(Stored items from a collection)
——————

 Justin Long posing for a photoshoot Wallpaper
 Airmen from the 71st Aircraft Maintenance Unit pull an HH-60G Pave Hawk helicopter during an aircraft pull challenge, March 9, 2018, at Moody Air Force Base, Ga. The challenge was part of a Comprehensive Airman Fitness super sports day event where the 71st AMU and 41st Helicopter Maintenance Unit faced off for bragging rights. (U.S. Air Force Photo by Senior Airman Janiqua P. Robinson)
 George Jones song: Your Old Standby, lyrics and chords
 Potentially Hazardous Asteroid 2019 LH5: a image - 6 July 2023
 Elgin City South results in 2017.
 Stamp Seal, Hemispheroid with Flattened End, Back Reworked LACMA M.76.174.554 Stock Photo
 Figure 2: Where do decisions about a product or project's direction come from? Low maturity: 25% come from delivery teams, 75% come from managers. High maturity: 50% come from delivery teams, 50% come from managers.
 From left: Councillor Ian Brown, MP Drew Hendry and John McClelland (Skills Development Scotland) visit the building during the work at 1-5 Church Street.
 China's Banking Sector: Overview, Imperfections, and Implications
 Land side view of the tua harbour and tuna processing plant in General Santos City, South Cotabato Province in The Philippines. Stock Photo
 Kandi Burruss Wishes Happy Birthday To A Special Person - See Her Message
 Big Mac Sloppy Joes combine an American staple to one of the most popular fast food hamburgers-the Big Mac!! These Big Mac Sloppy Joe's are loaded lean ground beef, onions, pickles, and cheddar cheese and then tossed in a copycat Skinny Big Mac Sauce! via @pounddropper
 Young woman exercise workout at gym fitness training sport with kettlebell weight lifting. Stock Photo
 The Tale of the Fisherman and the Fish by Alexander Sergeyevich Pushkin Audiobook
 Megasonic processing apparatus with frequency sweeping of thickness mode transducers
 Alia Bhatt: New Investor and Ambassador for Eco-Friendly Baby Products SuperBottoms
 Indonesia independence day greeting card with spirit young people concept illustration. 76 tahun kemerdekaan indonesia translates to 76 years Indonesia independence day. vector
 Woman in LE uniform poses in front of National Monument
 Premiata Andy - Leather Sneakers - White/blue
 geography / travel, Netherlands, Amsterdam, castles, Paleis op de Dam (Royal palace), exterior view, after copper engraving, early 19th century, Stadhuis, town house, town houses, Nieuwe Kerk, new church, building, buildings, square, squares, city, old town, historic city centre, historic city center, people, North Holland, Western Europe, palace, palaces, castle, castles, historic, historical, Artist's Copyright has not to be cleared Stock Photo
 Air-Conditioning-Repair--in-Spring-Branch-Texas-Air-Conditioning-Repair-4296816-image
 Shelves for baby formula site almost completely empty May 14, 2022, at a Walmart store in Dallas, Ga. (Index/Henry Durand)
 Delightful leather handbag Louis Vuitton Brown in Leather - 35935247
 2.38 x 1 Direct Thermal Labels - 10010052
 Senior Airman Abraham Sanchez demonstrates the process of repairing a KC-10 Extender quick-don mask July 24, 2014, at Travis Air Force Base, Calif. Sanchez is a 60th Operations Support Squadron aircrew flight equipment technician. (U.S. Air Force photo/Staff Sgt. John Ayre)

——————

TASK BRIEF
A verbatim transcription is needed of the lines above, starting at the line with "Potentially Hazardous Asteroid" and ending at the line with "China's Banking Sector: Overview, Imperfections, and", both included, and of nothing else.

EXERCISE ANSWER
 Potentially Hazardous Asteroid 2019 LH5: a image - 6 July 2023
 Elgin City South results in 2017.
 Stamp Seal, Hemispheroid with Flattened End, Back Reworked LACMA M.76.174.554 Stock Photo
 Figure 2: Where do decisions about a product or project's direction come from? Low maturity: 25% come from delivery teams, 75% come from managers. High maturity: 50% come from delivery teams, 50% come from managers.
 From left: Councillor Ian Brown, MP Drew Hendry and John McClelland (Skills Development Scotland) visit the building during the work at 1-5 Church Street.
 China's Banking Sector: Overview, Imperfections, and Implications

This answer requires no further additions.